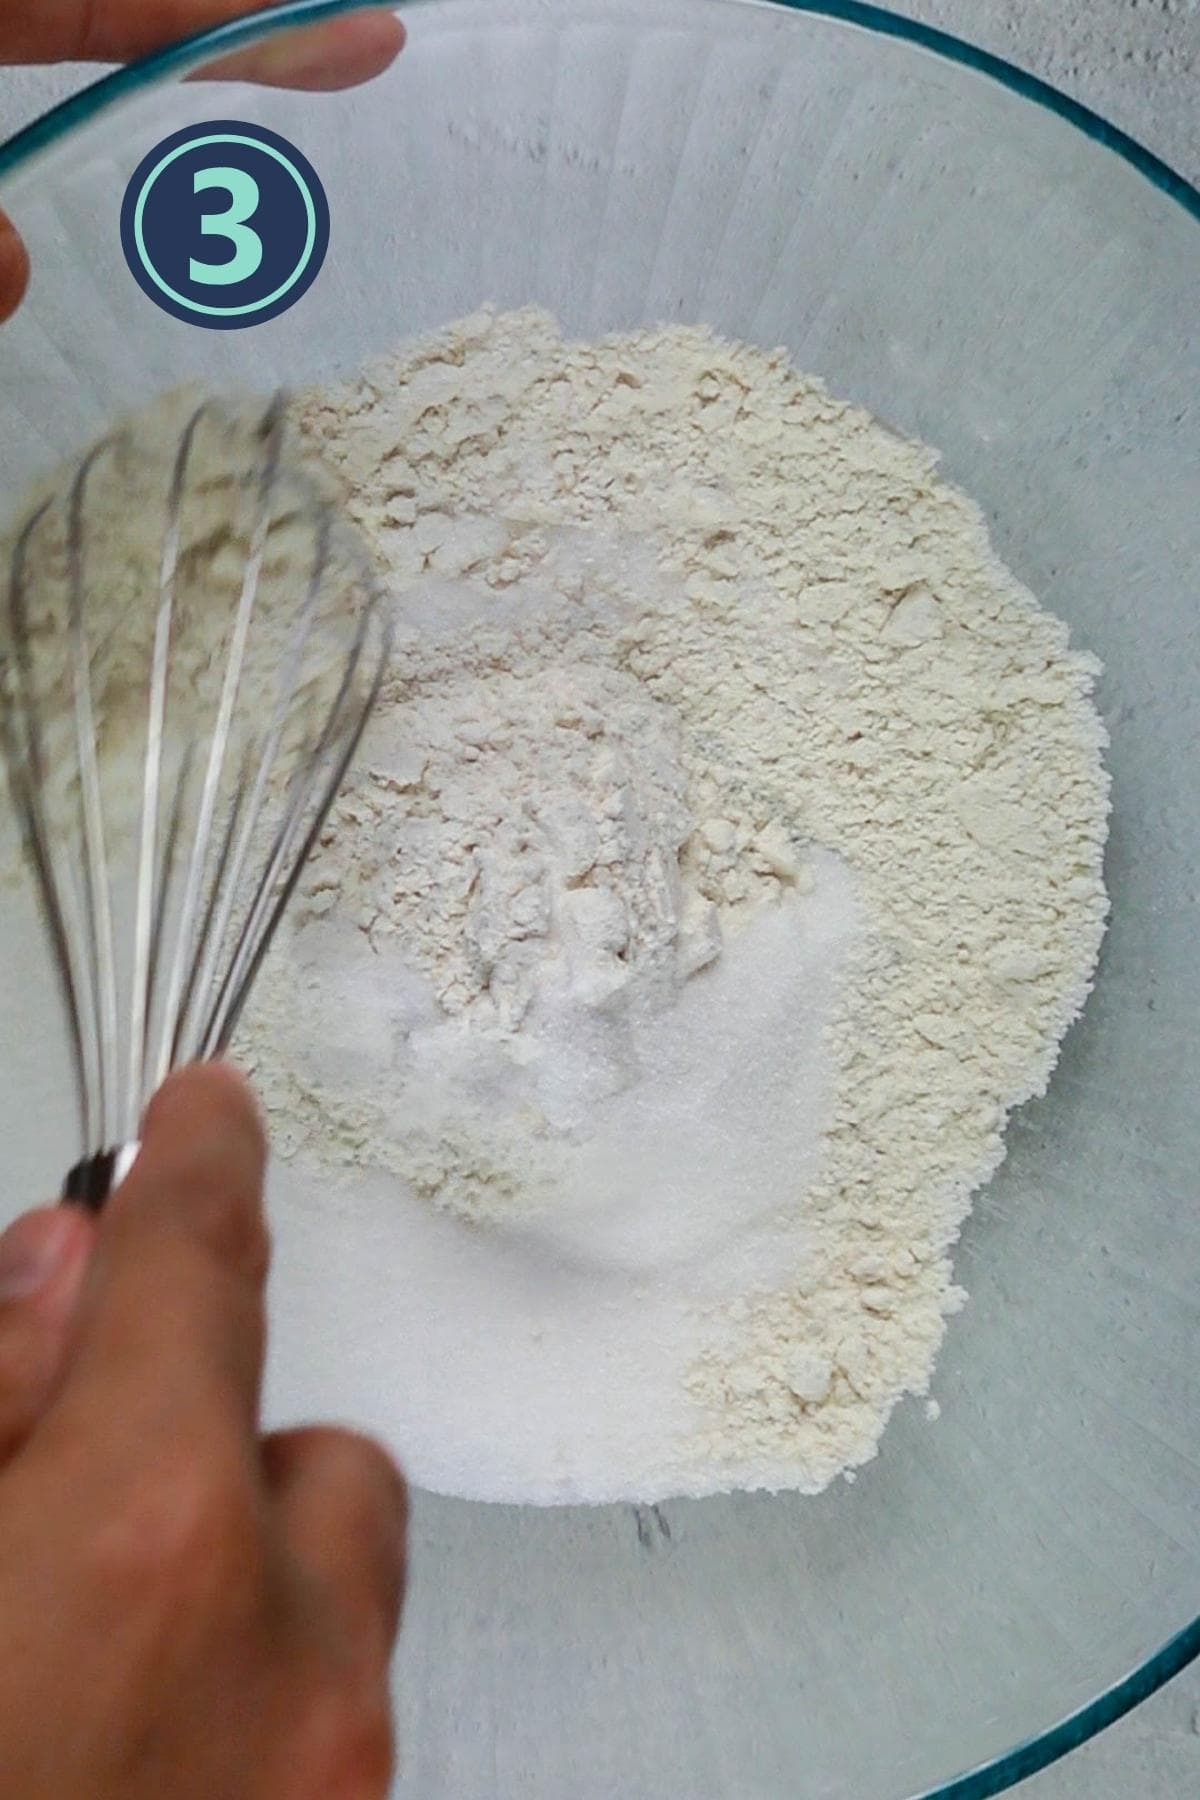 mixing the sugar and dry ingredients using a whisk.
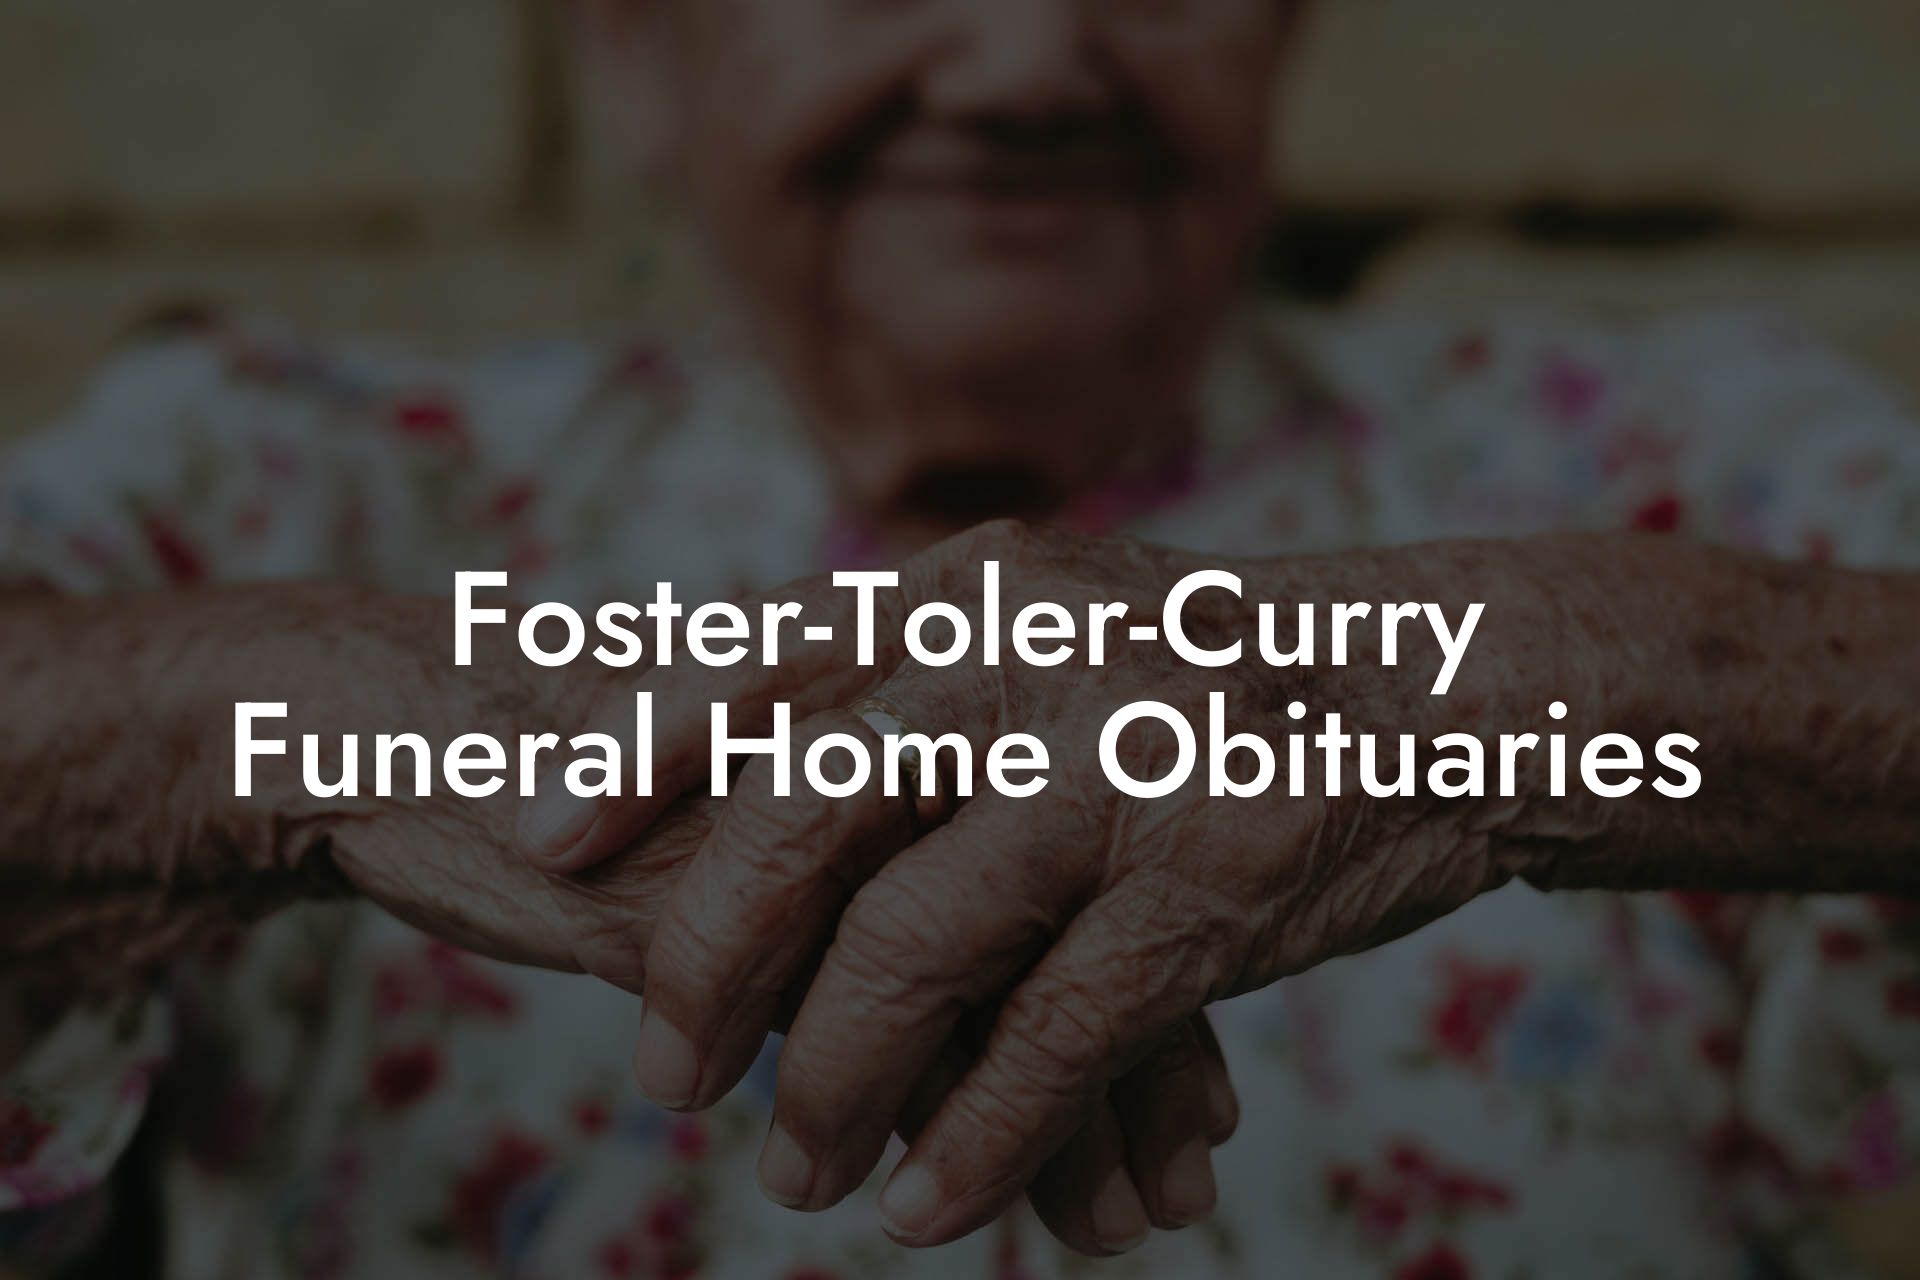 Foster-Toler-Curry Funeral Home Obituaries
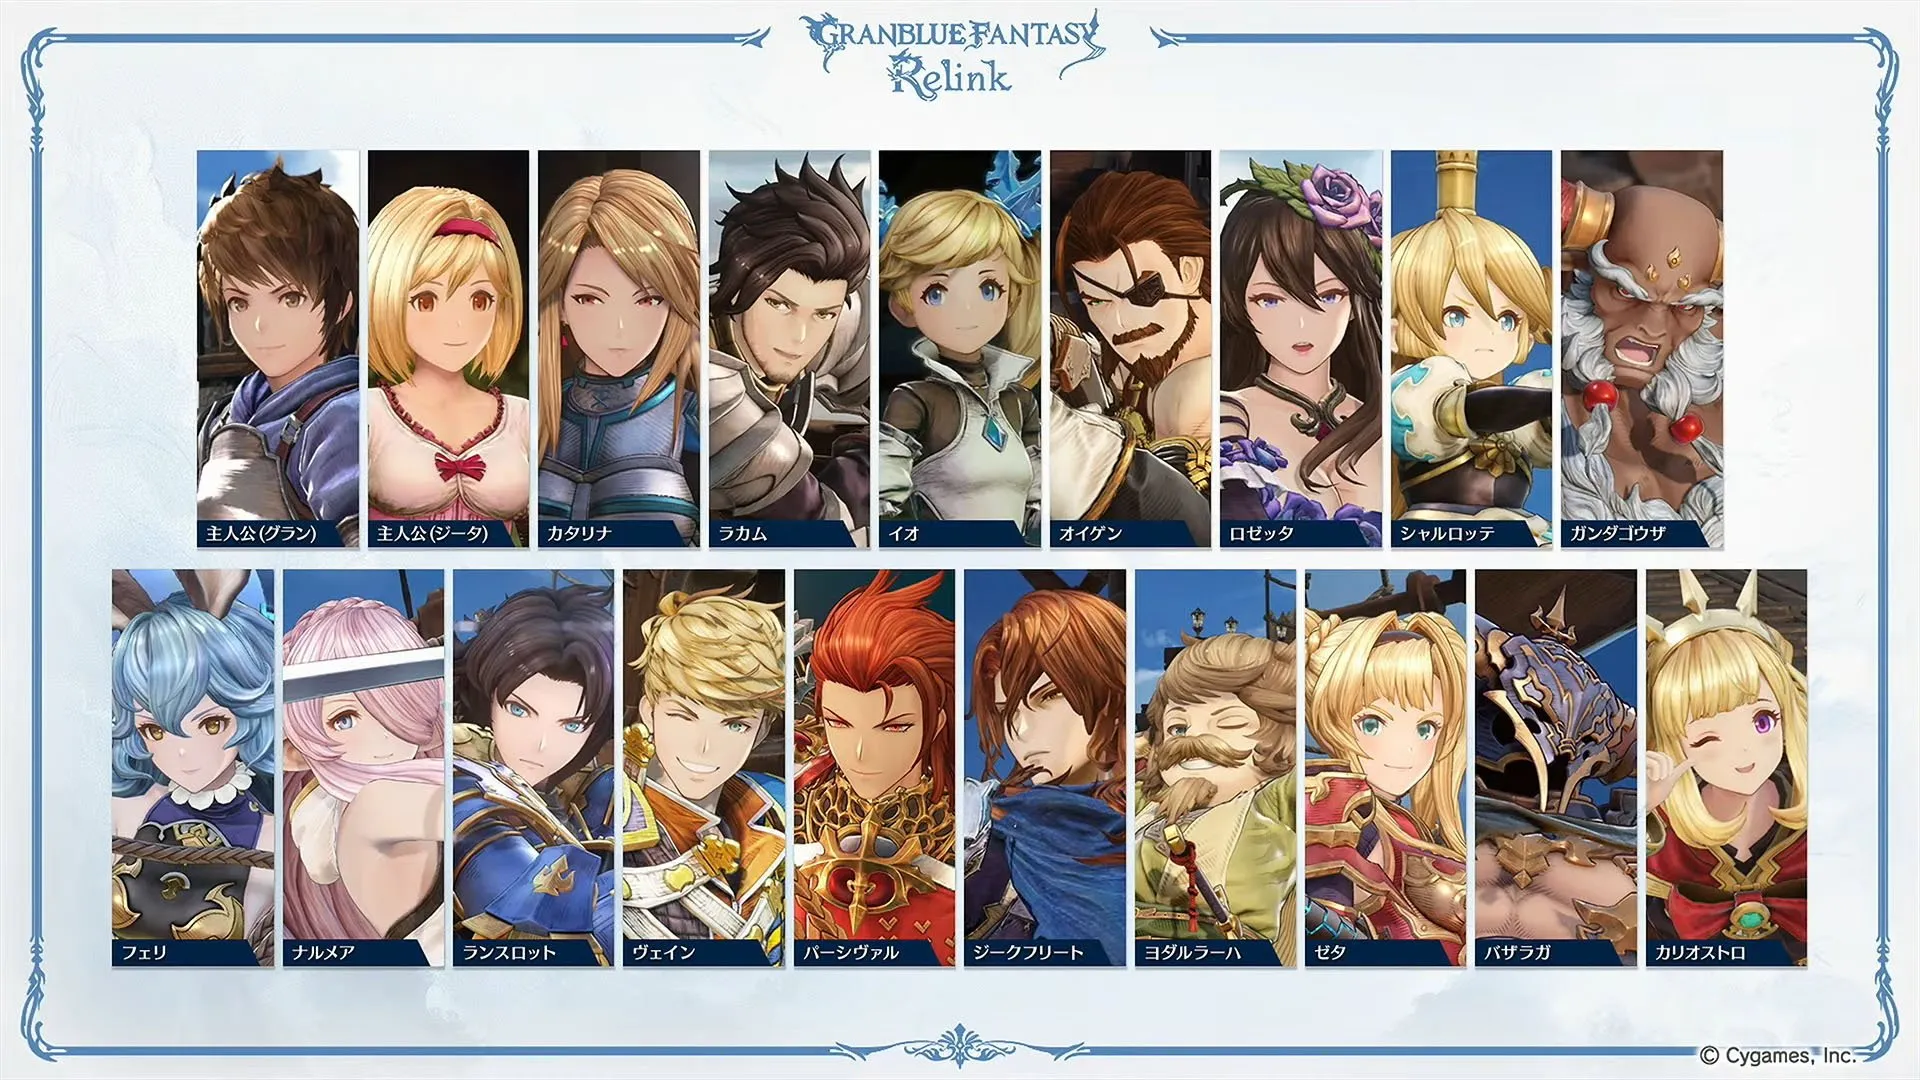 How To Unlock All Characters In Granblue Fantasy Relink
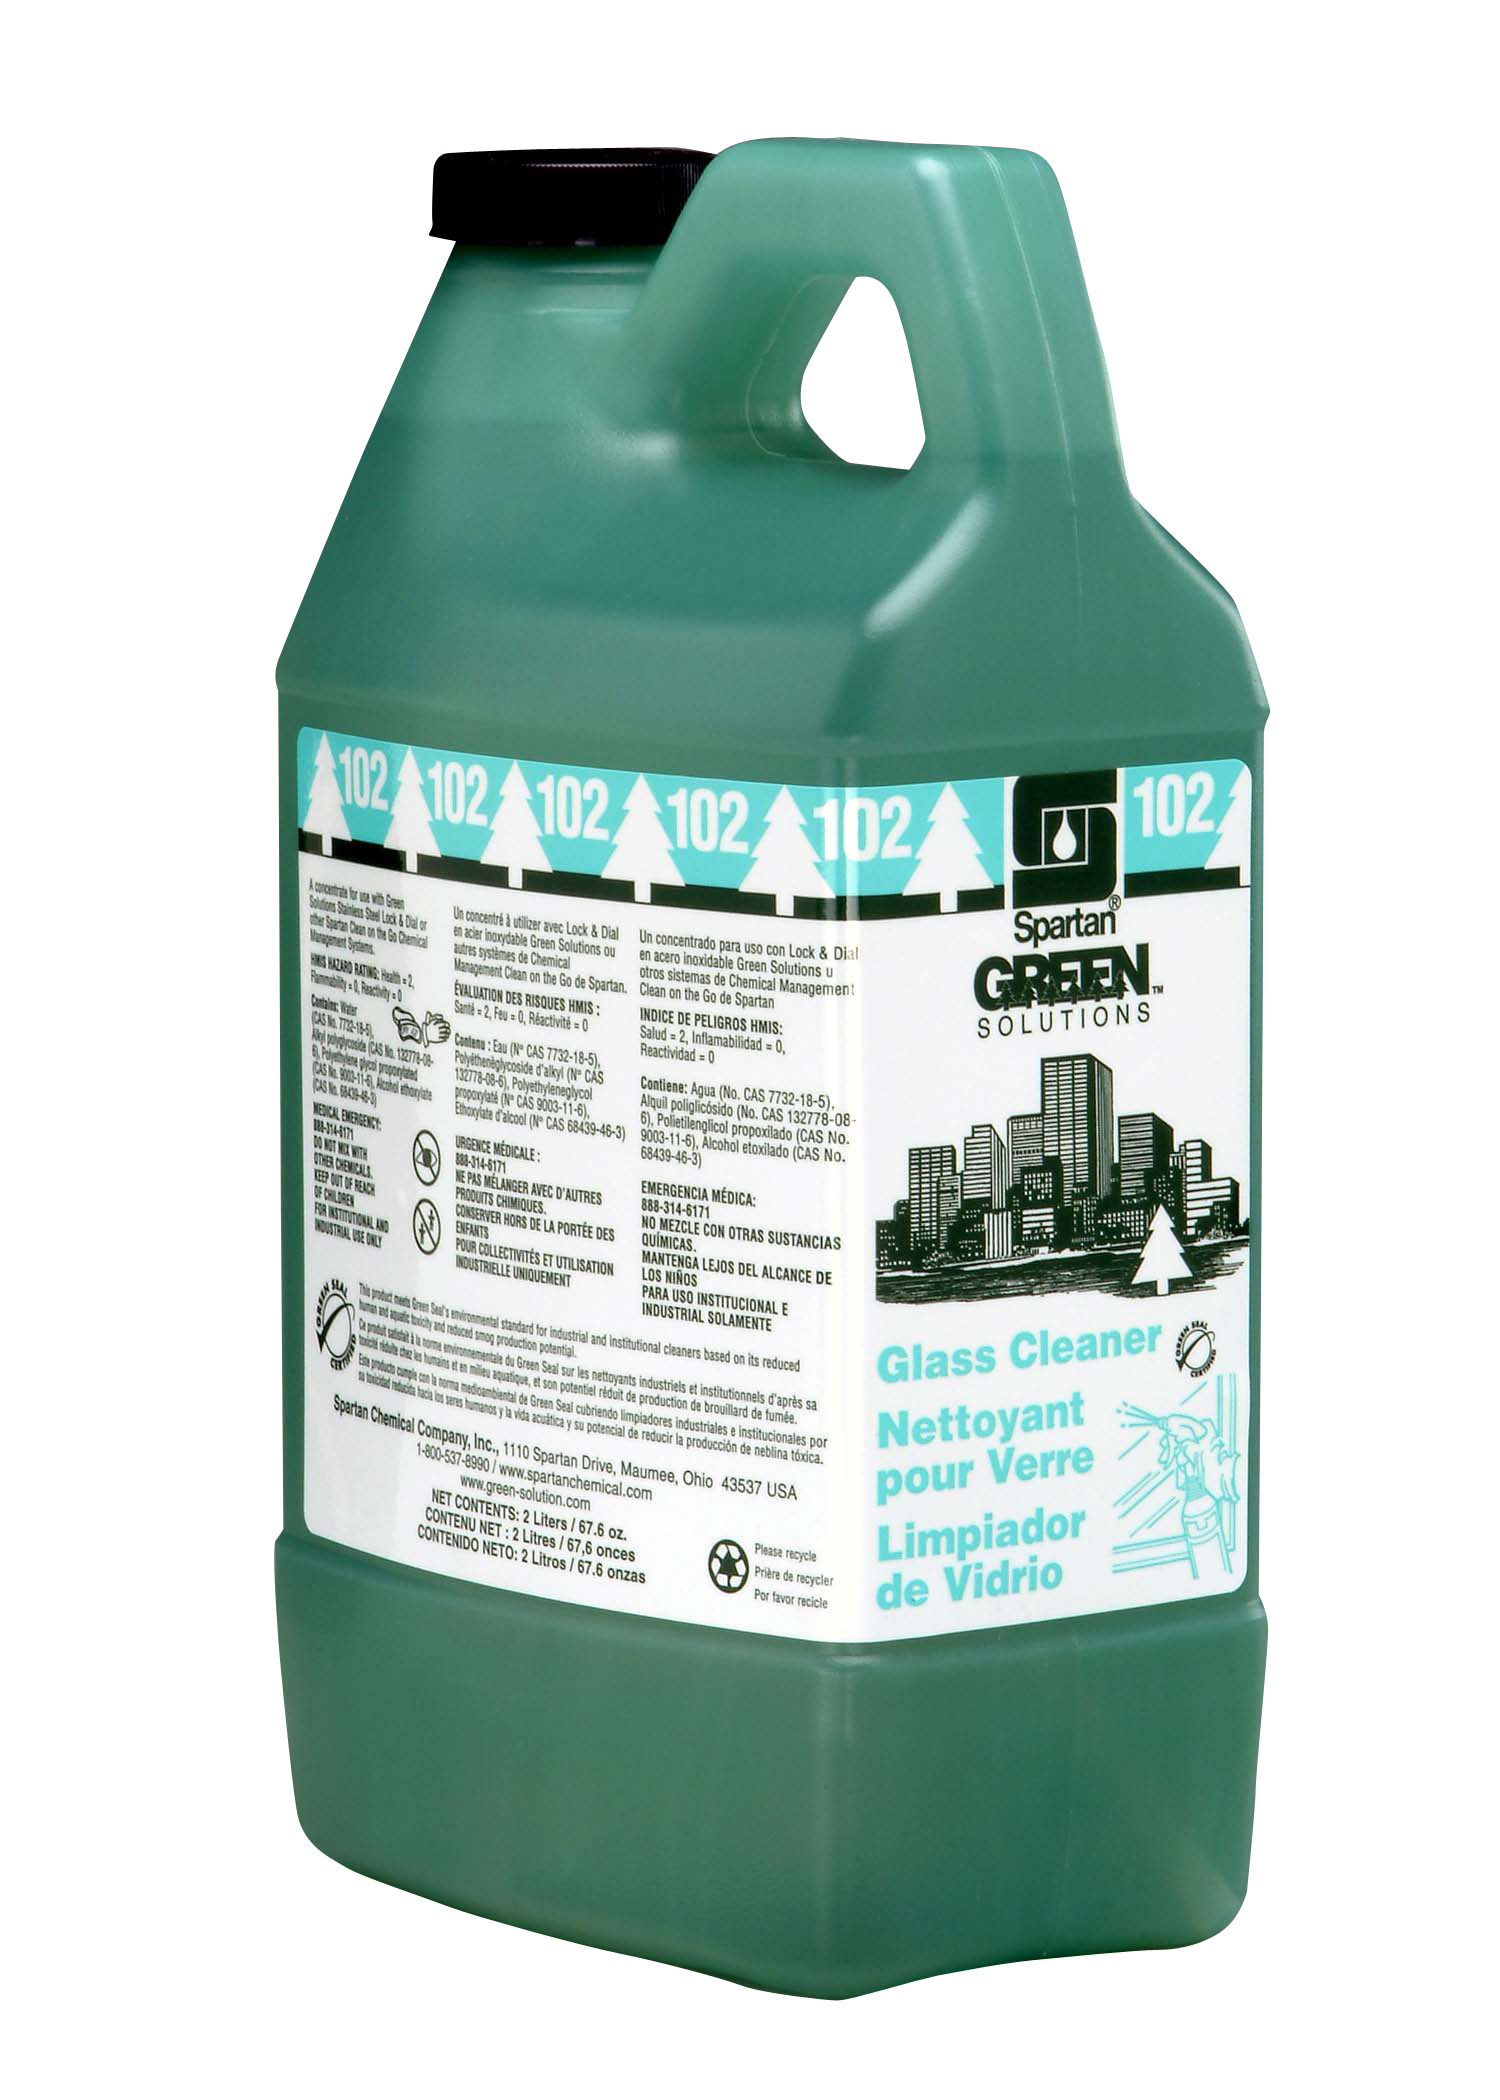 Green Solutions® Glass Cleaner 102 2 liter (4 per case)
○ ○ ○ ○ ○ ○ ○
WORK INSTRUCTIONS →
Reproduce the listing above exactly, excluding all pictures.

TASK ANSWER →
 mixing the sugar and dry ingredients using a whisk.
 Foster-Toler-Curry Funeral Home Obituaries
 How To Unlock All Characters In Granblue Fantasy Relink
 Green Solutions® Glass Cleaner 102 2 liter (4 per case)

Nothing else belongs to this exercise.